Come sempre accade in un sistema giurisprudenziale, come quello italiano, dove i limiti tra i poteri dello Stato circa l’interpretazione e l’applicazione delle norme e la loro ratio ispiratrice appaiono sempre più sfumati, con interventi sempre più invadenti di sentenze che interpretando ideologizzano, il principio che la vita umana possa essere un diritto del quale può disporre l’individuo, ricercando la risposta al quesito fondante “a chi appartiene la vita di un uomo”, è stato progressivamente introdotto nell’ordinamento positivo, lentamente scardinando l’assioma di diritto naturale in base al quale la vita sia un bene di cui nessuno può disporre.

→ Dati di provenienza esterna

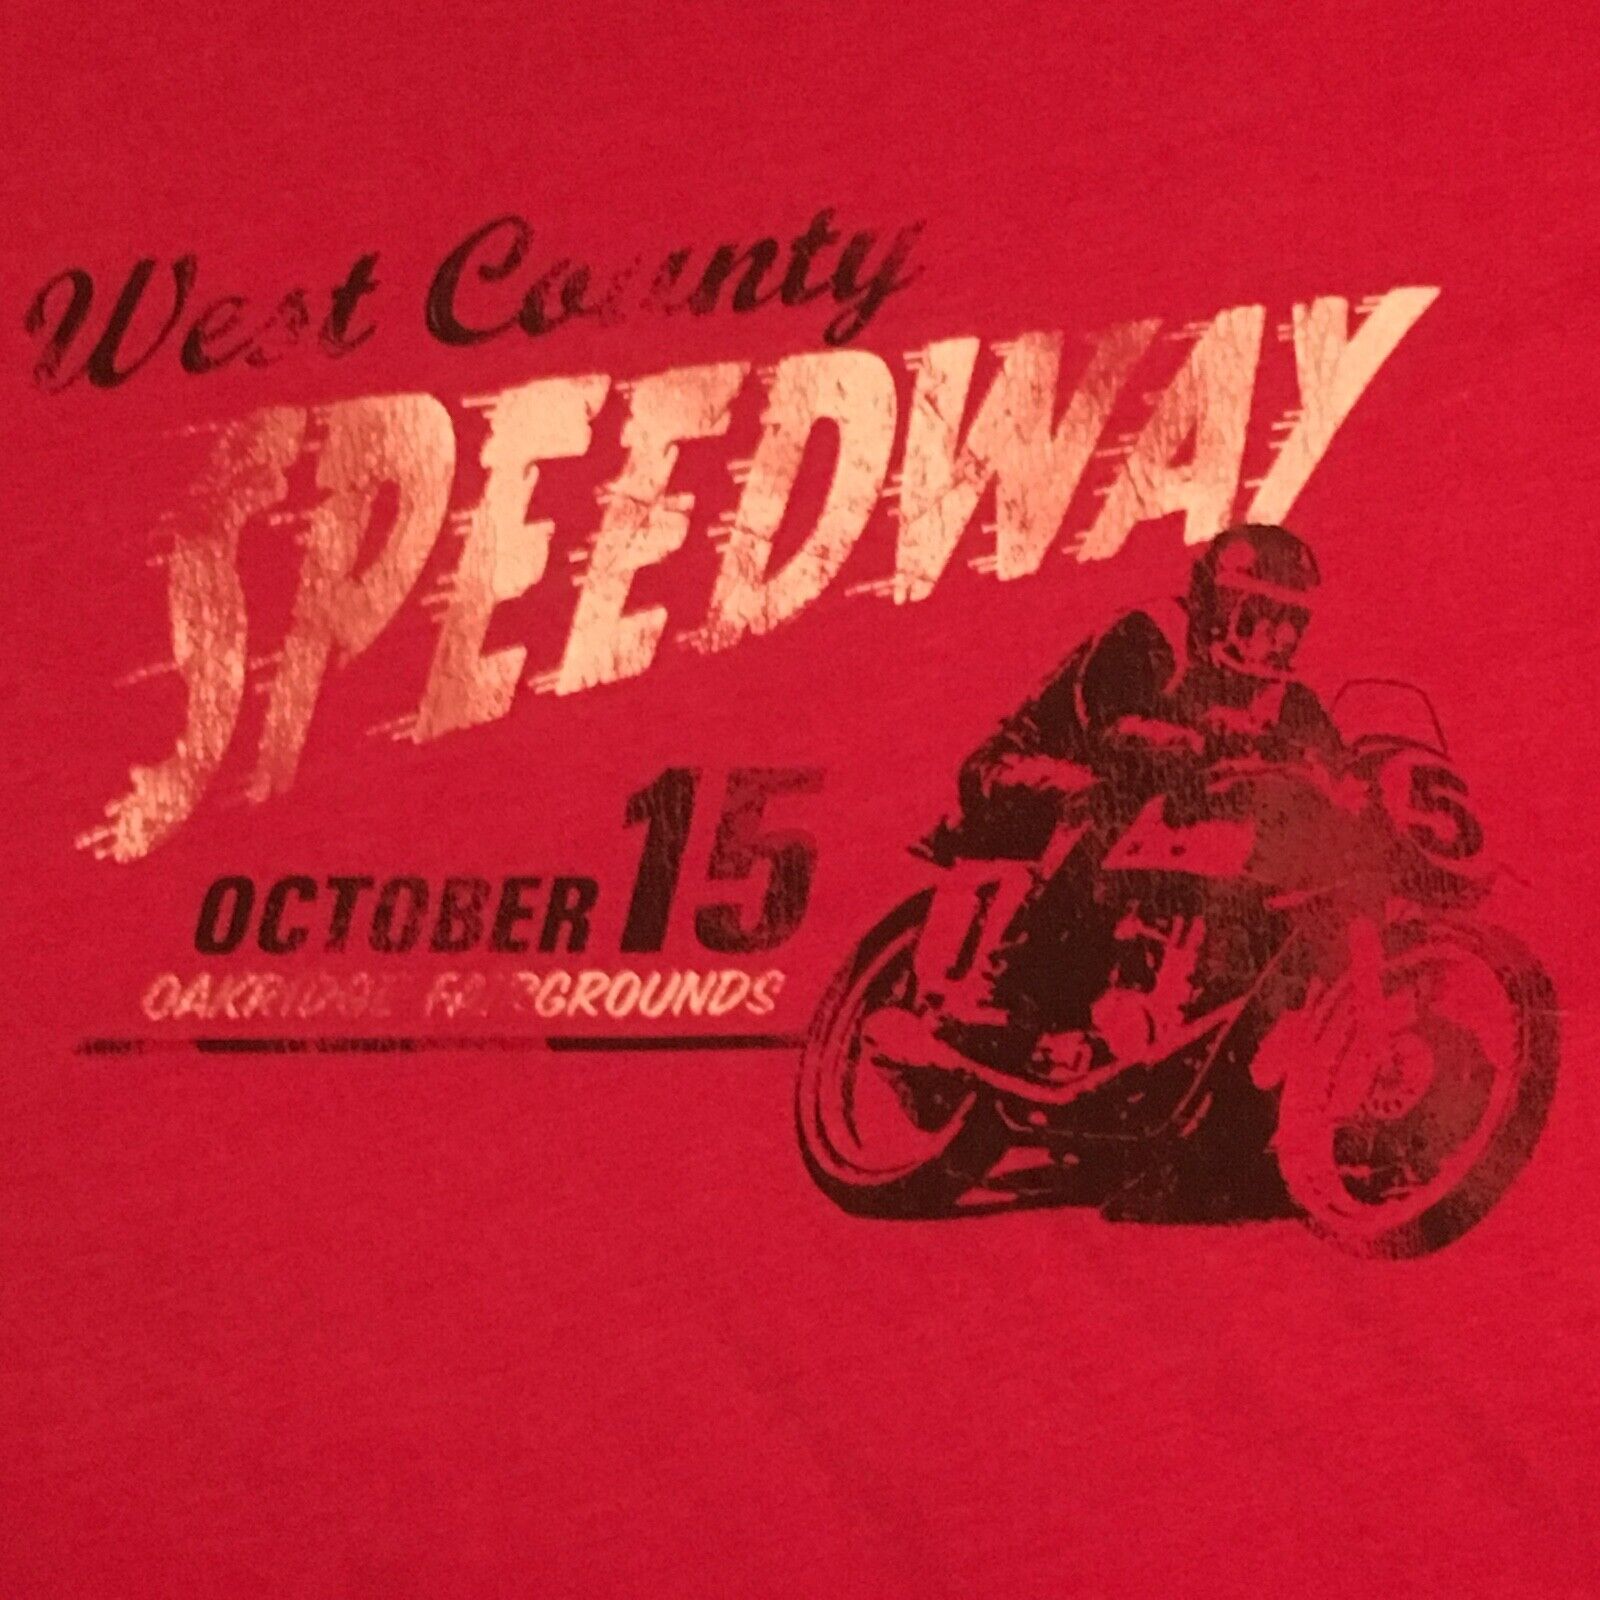 retro SPEEDWAY MOTORCYCLE RACE t-shirt-VINTAGE LOOK-label (XL) big enuf for XXL

Se un tempo il fondamento del bene della vita fosse l’appartenenza a Dio, ed a seguito delle rivoluzioni liberali gli si sia sostituito lo Stato, furono proprio le tragiche esperienze dei totalitarismi, in cui proprio lo stato disponeva sulla vita dei sudditi, a ritornare a quel cardine della Civiltà giuridica che è la sacralità della vita umana tutelata dalla legge. E quindi, partendo da pietose campagne mediatiche, volte a “sensibilizzare” mediante casi limite un’opinione pubblica refrattaria, si è passati alla fase successiva, ossia al pionierismo giurisprudenziale, che, nutrendosi dalla sempre più evidente degenerazione del nostro sistema giuridico in un sistema di Common Law (cioè che si fonda non sulle leggi, ma sulle pronunce dei giudici), è intervenuto il dibattito accademico, ove si impongono miti ermeneutici sempre più consolidati, tanto più pervicacemente perseguiti nell’asserzione del tutto arbitraria di una loro presunta necessità, quanto più sorretti dai medesimi principi di eugenetica malthusiana e neodarwinista che ispiravano le legislazioni totalitarie, questa volta sapientemente mascherati dai soliti scivolamenti semantici, i consueti mutamenti lessicali con cui il politically correct contemporaneo incide sulla lingua al fine di mutare i contenuti. Ed il passaggio successivo sarà la ricezione nell’ordinamento positivo, nelle leggi, nei codici, nelle Costituzioni, di questi aberranti principi, dietro ai quali si nasconde la vera ragione che come sempre deve essere ricercata nelle norme giuridiche e nei principi filosofici che ne sono alla base.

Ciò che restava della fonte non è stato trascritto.